Parsing Revisited: Hand-Written Parsers [108/133]


top-down parsing:
* recursive-descent parsing: 
* predictive parsing: non-backtracking, efficient, top-down

* predictive parsing is a special case of recursive-descent parsing where backtracking is not
  required.
* recursive-descent parsing is a technique for top-down parsing.

* parse a URL.

Type Checking Revisited: Overview of Today's Class [109/133]

Type checking revisited: for functional and OO languages. Parametric polymorphism. Hindley-Milner. Subtyping.

Type Checking Revisited: Discussion [110/133]

Any questions?

Type Checking Revisited: Generic Polymorphism I [111/133]

Consider an ML function to reverse a list:

fun reverse [] = []
|   reverse (x::xs) = (reverse xs) @ [x];

ML infers the type 'a list -> 'a list for reverse:

> val 'a reverse = fn : 'a list -> 'a list

And we can apply reverse to lists of different types:

- reverse [1,2,3];
> val it = [3, 2, 1] : int list

- reverse ["hello", "world"];
> val it = ["world", "hello"] : string list

The type 'a list -> 'a list means that for any type T, we can use reverse with type T list -> T list.
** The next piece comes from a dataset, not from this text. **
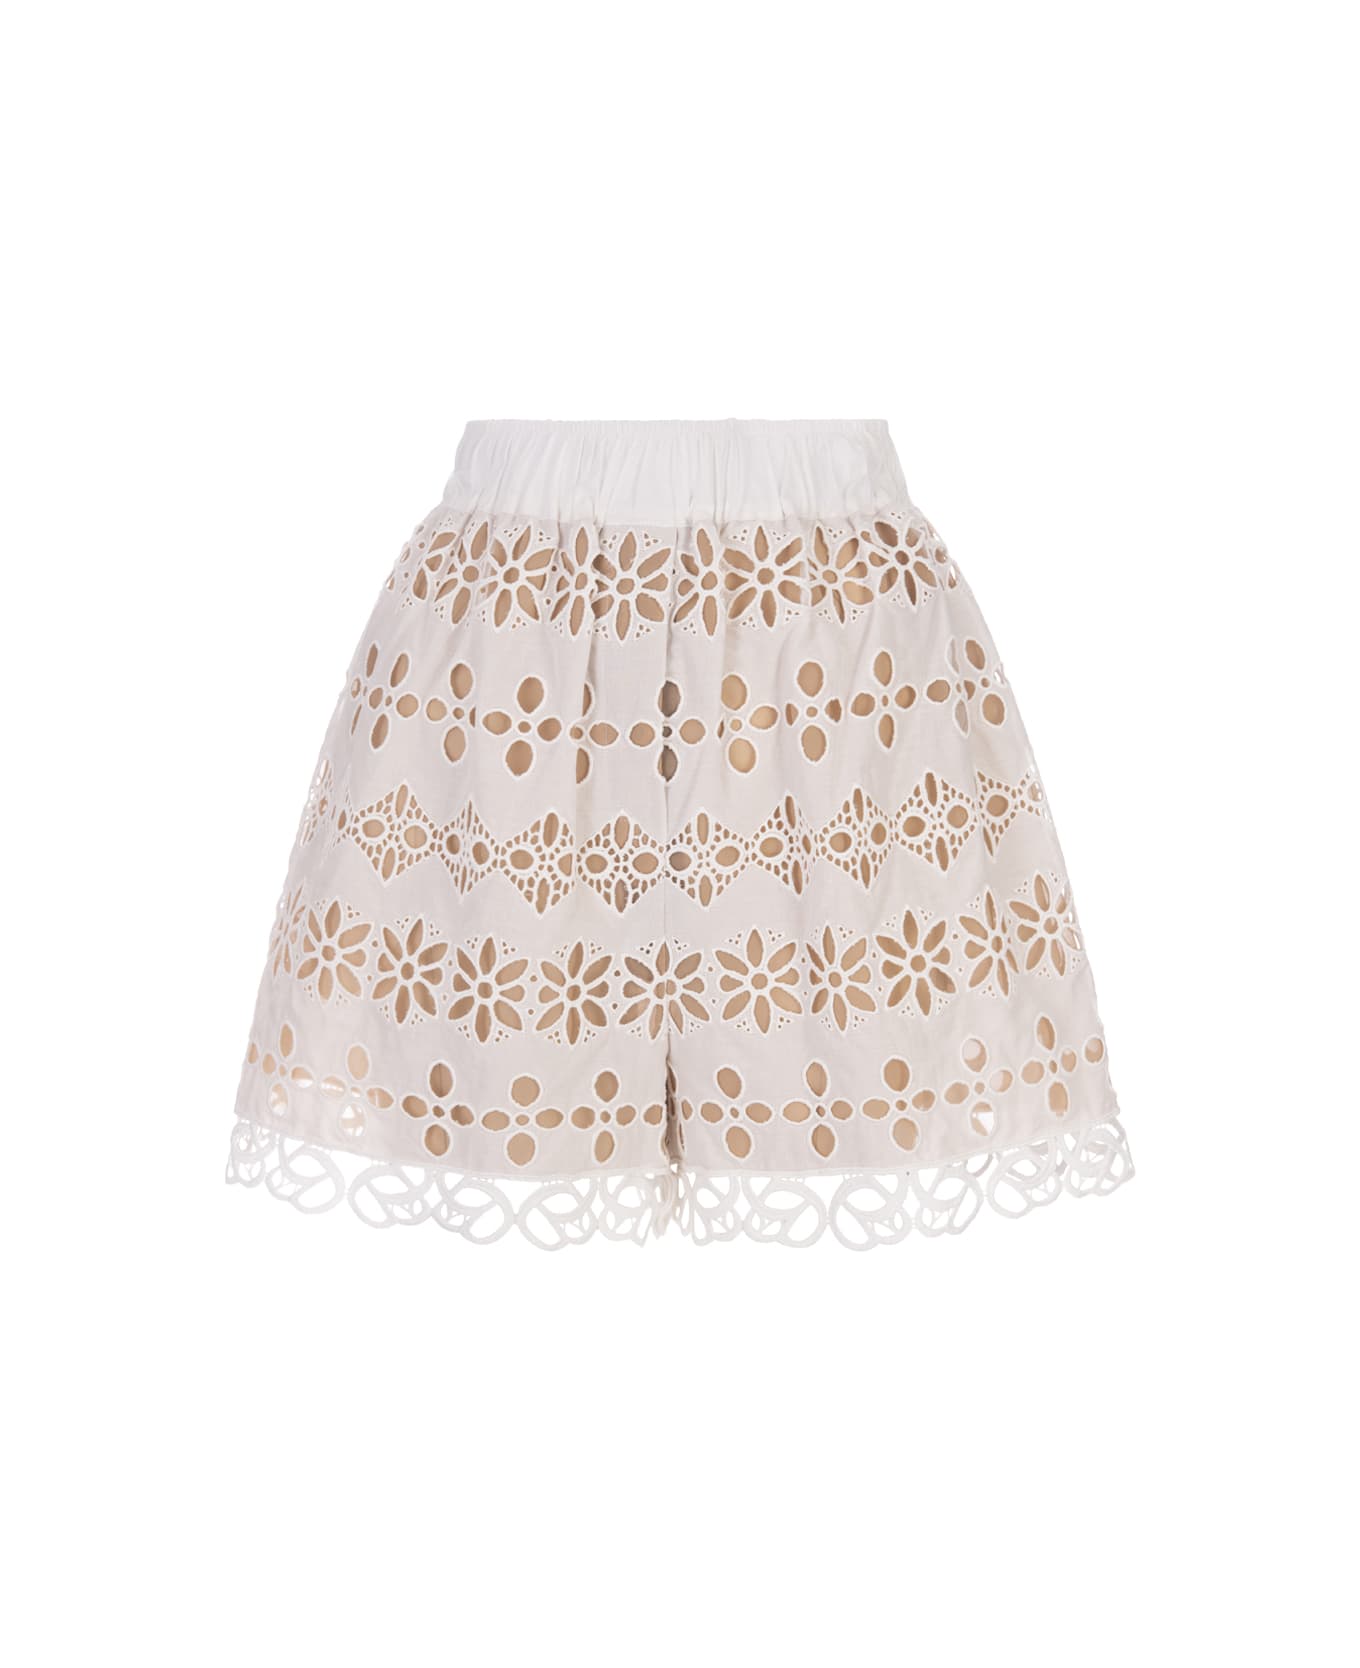 Elie Saab Broderie Anglaise Shorts - White

For example, we can use reverse with type int list -> int list or with type string list -> string list.

Type Checking Revisited: Generic Polymorphism II [112/133]

This feature of a language is known as generic or parametric polymorphism, but it should be distinguished from the subtype polymorphism found in almost all object-oriented languages.

How does this fragment of Java code:

  List reverse1 (List l)
  {
    List result = new ArrayList ();
    Iterator iter = l.iterator ();
    while (iter.hasNext ()) {
      Object o = iter.next ();
      result.add (o);
    }
    return result;
  }

differ from this ML code?

> val 'a reverse = fn : 'a list -> 'a list

fun reverse [] = []
|   reverse (x::xs) = (reverse xs) @ [x];

Type Checking Revisited: Generic Polymorphism III [113/133]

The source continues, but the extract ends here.